FTSE 100 on course for record high as AI-hit stocks rally

After nearly closing at an all-time record high last night, the FTSE 100 extended gains on Tuesday, powered by a recovery in AI-ravaged shares and hopes of an interest rate cut in March. 

In a clear demonstration of how the FTSE 100 is not a reflection of the UK economy, London’s leading index rose as traders reacted to news that the UK unemployment rate hit 5.2%.

- Advertisement -

The Bank of England now looks set to cut interest rates in March as traders priced in two interest rate cuts in 2026 in response to a deterioration in the UK jobs market.

The pound fell against the dollar in response to the UK jobs numbers, which provided support for some of the FTSE 100’s overseas earnings-heavyweights. AstraZeneca, Shell, and GSK were all higher, helping lift the index.

Housebuilders were also in vogue, with Barratt Redrow topping the leaderboard at the time of writing. Housebuilders are in desperate need of a boost, and lower interest rates would be more than welcome by a sector struggling with falling sales.
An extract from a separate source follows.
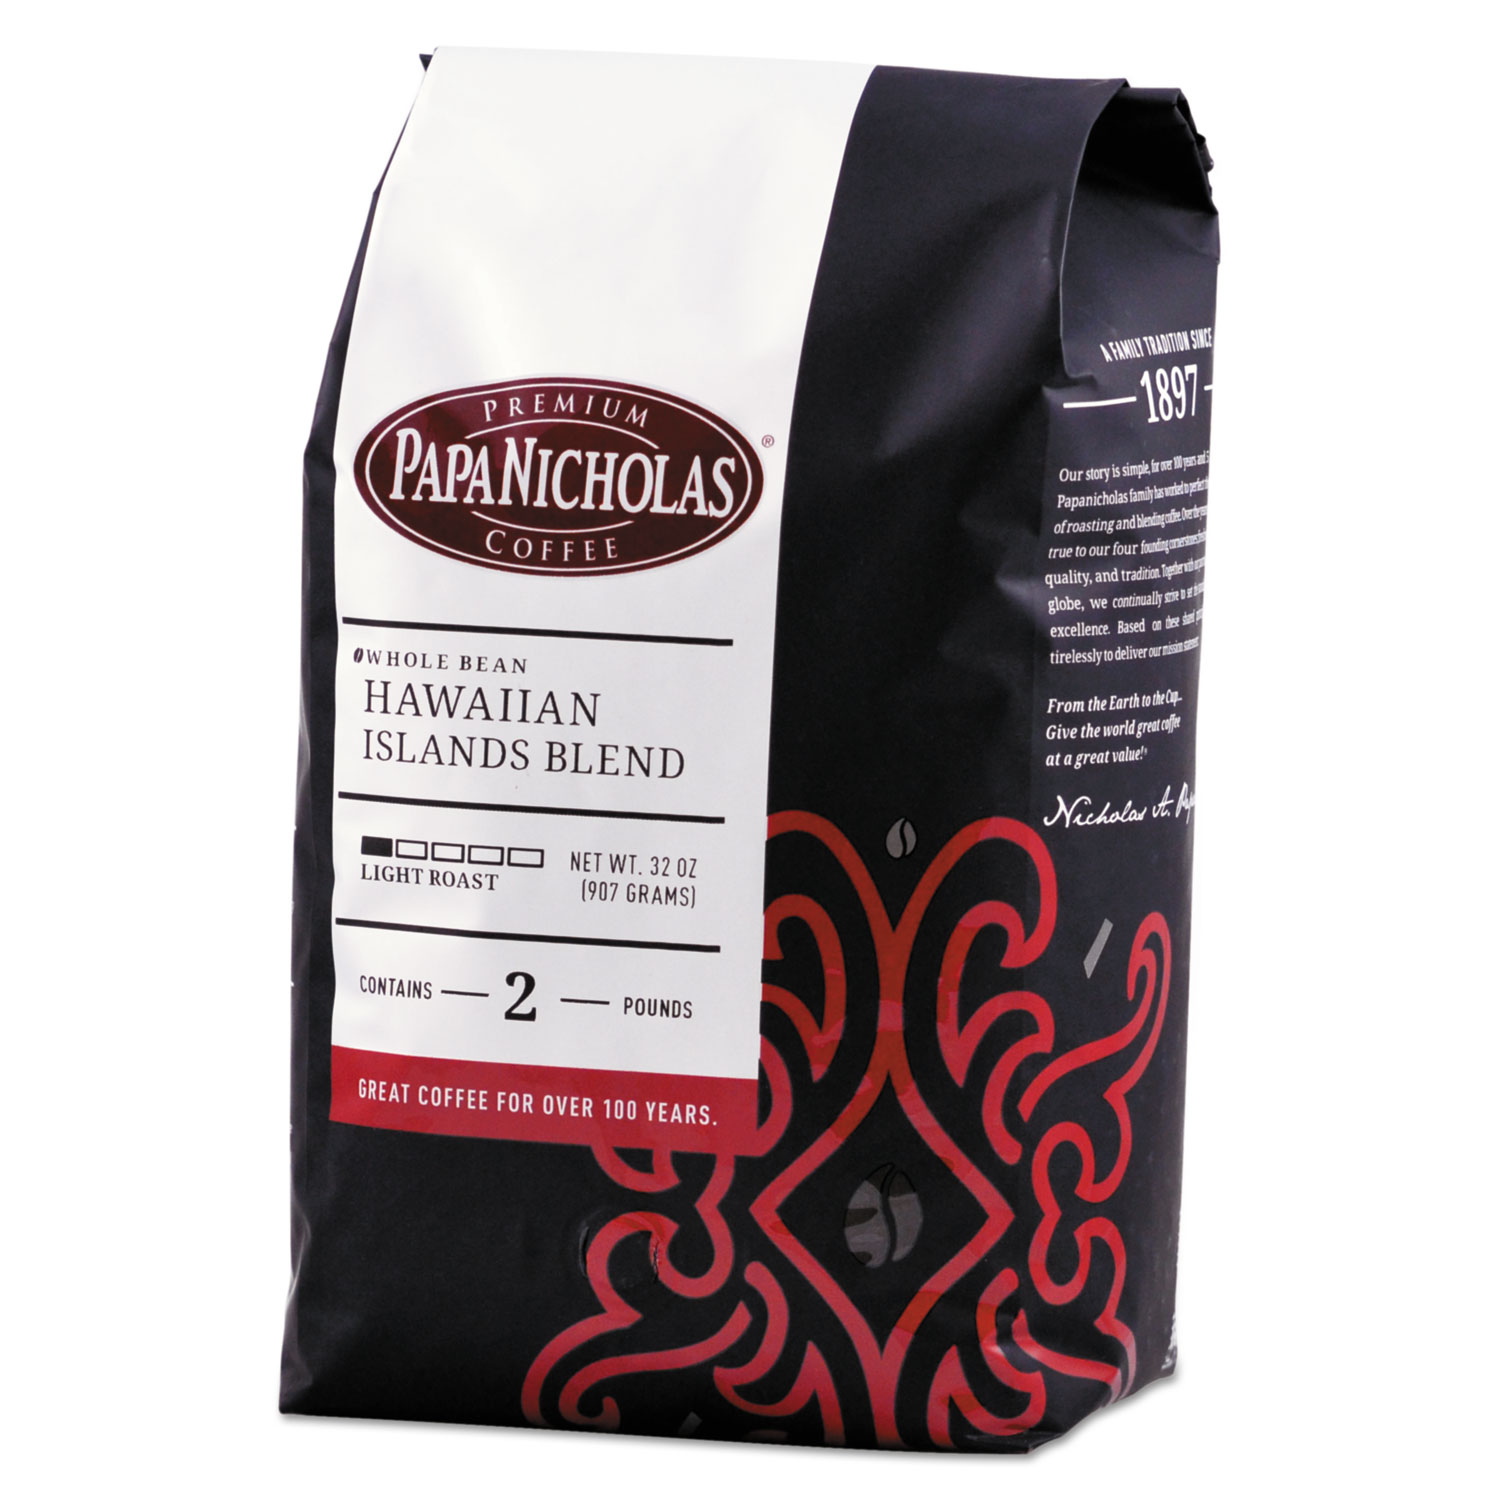  PapaNicholas Coffee 32003 Premium Coffee, Whole Bean, Hawaiian Islands Blend (PCO32003)

Gains associated with interest rate hopes were enhanced by a rally in AI-hit stocks such as Experian, RELX, and Pearson that have found their feet after a painful sell-off since the start of the year.

- Advertisement -

Russ Mould, investment director at AJ Bell, explained: “Driving the UK market higher on Tuesday was a rebound in the plethora of stocks that sold off in recent weeks on fears of AI disruption.

“It was almost as if investors had scouted for the most affected names and bought everything on the list. Relx, Experian, Sage and Autotrader were all in the club and featured in the FTSE 100’s top risers’ list.

“Millions of pounds have been wiped off these names this year thanks to the launch of rival AI services. Investors initially panicked but might now be taking the view that too much bad news is now in the price and these names could have what it takes to fight off AI disruption.”

RELX directors are certainly taking this view, and the CEO and CFO have made encouraging share purchases in recent days.

Elsewhere, Antofagasta kicked off a busy week of FTSE 100 mining updates with blowout 2025 results that revealed the extent of the benefit of higher copper prices. 

The group increased revenue by 30% and EBITDA by 52%, rewarding investors with a 106% increase in the full-year dividend. 

“It’s a great time to be a mining stock, or indeed an investor in mining stocks,” said Chris Beauchamp, Chief Market Analyst at IG.

“The huge gains in commodity prices are translating into a revenue and profits bonanza for these companies, making them the new must-have for investors in a what is a tremendous resurgence for physical economy stocks after years of tech-driven buying. Much of it is in the price for now, as seen by the muted reaction to Anto’s numbers, but the direction of travel is clear.”

Glencore, Rio Tinto and Anglo American will also report 2025 results later this week.